ASA-2019-00277 – VMware: Operating System-Specific Mitigations for MDS vulnerabilities

A malicious user must have local access to a virtual machine and the ability to execute code to infer data otherwise protected by architectural mechanisms within the Guest Operating System (Intra-VM) via MDS vulnerabilities. There are two known attack vector categories for MDS at the Virtual Machine level: Sequential-context attack vector (Intra-VM): a malicious local user of a Virtual Machine can potentially infer recently accessed data of a previous context otherwise protected by architectural mechanisms in the context of the same Virtual Machine. Concurrent-context attack vector (Intra-VM): a malicious local user of a Virtual Machine can potentially infer recently accessed data of a concurrently executing context on the other logical processor of the Hyper-Threading-enabled processor core in the context of the same Virtual Machine.

ASA-2019-00276 – VMware: Hypervisor-Assisted Guest Mitigations for MDS vulnerabilities

A malicious user must have local access to a virtual machine and the ability to execute code to infer data otherwise protected by architectural mechanisms within the Guest Operating System (Intra-VM) via MDS vulnerabilities. Virtual Machines hosted by VMware Hypervisors running on 2nd Generation Intel® Xeon® Scalable Processors (formerly known as Cascade Lake) are not affected by MDS vulnerabilities. There are two known attack vector categories for MDS at the Virtual Machine level: Sequential-context attack vector (Intra-VM): a malicious local user of a Virtual Machine can potentially infer recently accessed data of a previous context otherwise protected by architectural mechanisms in the context of the same Virtual Machine. Concurrent-context attack vector (Intra-VM): a malicious local user of a Virtual Machine can potentially infer recently accessed data of a concurrently executing context on the other logical processor of the Hyper-Threading-enabled processor core in the context of the same Virtual Machine.
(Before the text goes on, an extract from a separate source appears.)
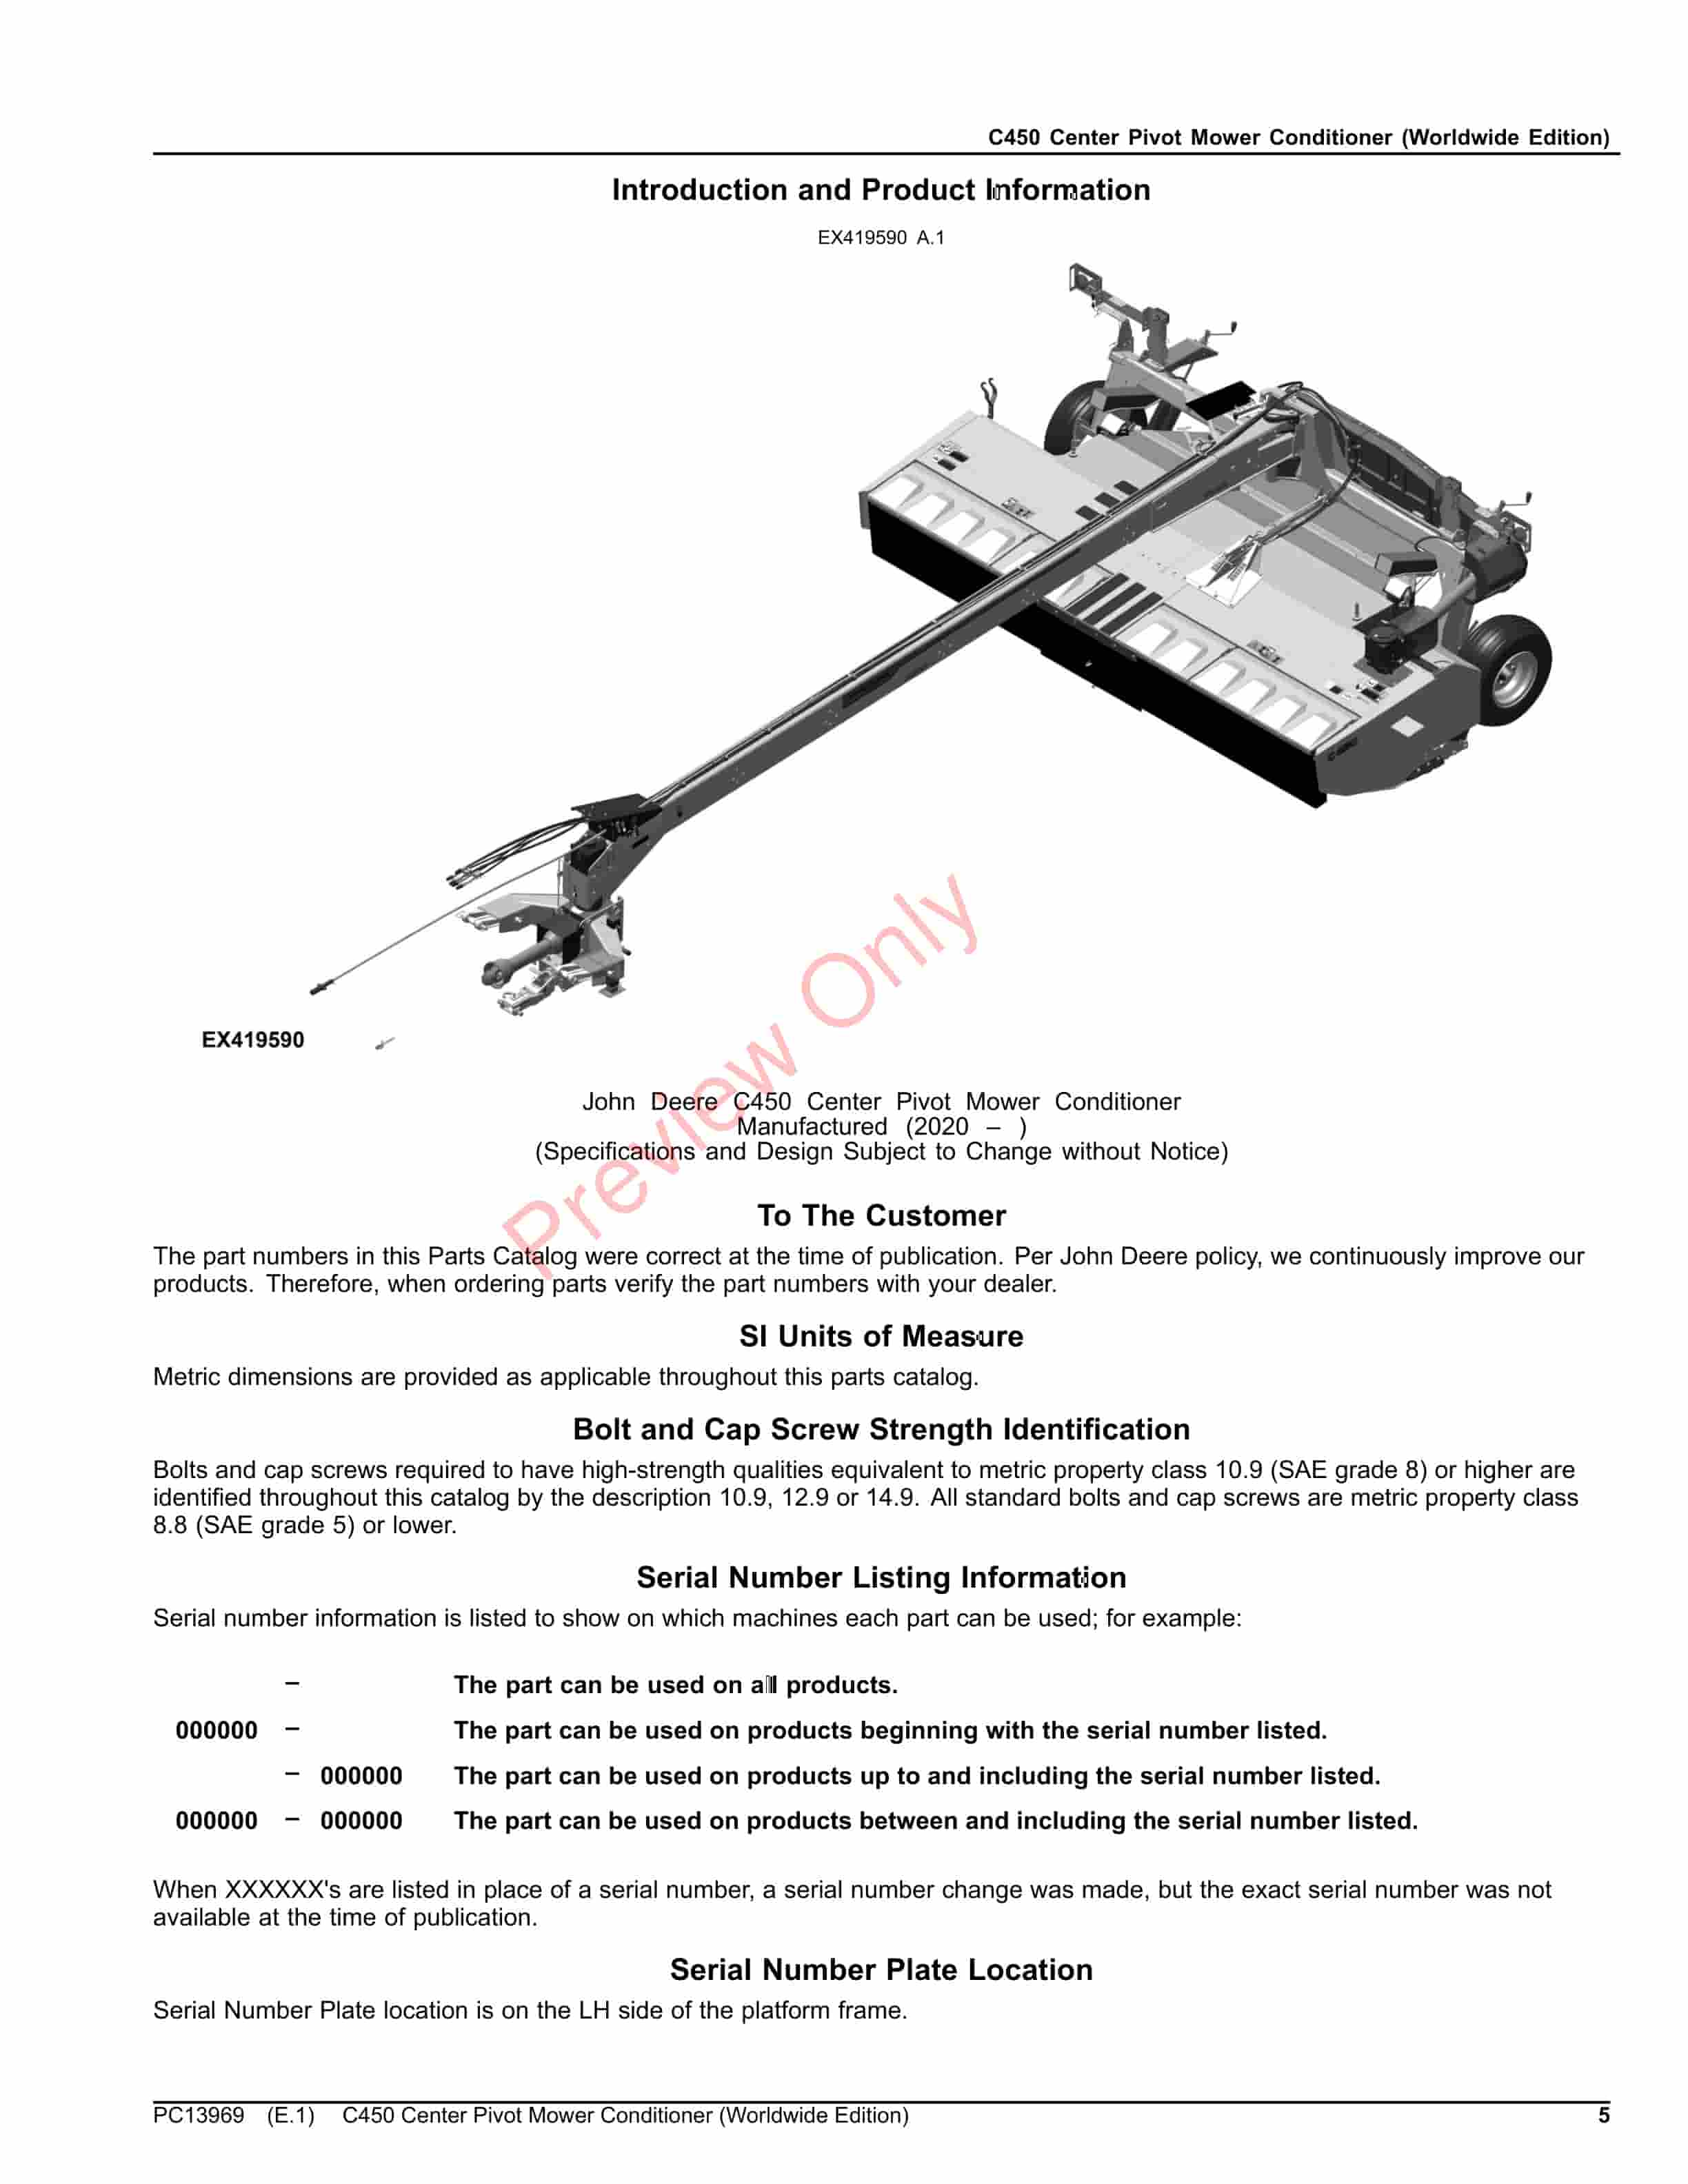 John Deere C450 Center Pivot Mower Conditioner Parts Catalog PC13969 22AUG23-5

ASA-2019-00275 – VMware: Hypervisor-Specific Mitigations for MDS vulnerabilities

vCenter Server, ESXi, Workstation, and Fusion updates include Hypervisor-Specific Mitigations for MDS speculative execution vulnerabilities. A malicious user must have local access to a virtual machine and the ability to execute code to infer data otherwise protected by architectural mechanisms from another virtual machine or the hypervisor itself via MDS vulnerabilities. There are two known attack vector variants for MDS at the Hypervisor level: Sequential-context attack vector (Inter-VM): a malicious VM can potentially infer recently accessed data of a previous context (hypervisor thread or other VM thread) on either logical processor of a processor core. Concurrent-context attack vector (Inter-VM): a malicious VM can potentially infer recently accessed data of a concurrently executing context (hypervisor thread or other VM thread) on the other logical processor of the Hyper-Threading-enabled processor core.

ASA-2019-00272 – FreeBSD: Microarchitectural Data Sampling (MDS)

Modern processors make use of speculative execution, an optimization technique which performs some action in advance of knowing whether the result will actually be used. On some Intel processors utilizing speculative execution a local process may be able to infer stale information from microarchitectural buffers to obtain a memory disclosure. An attacker may be able to read secret data from the kernel or from a process when executing untrusted code (for example, in a web browser).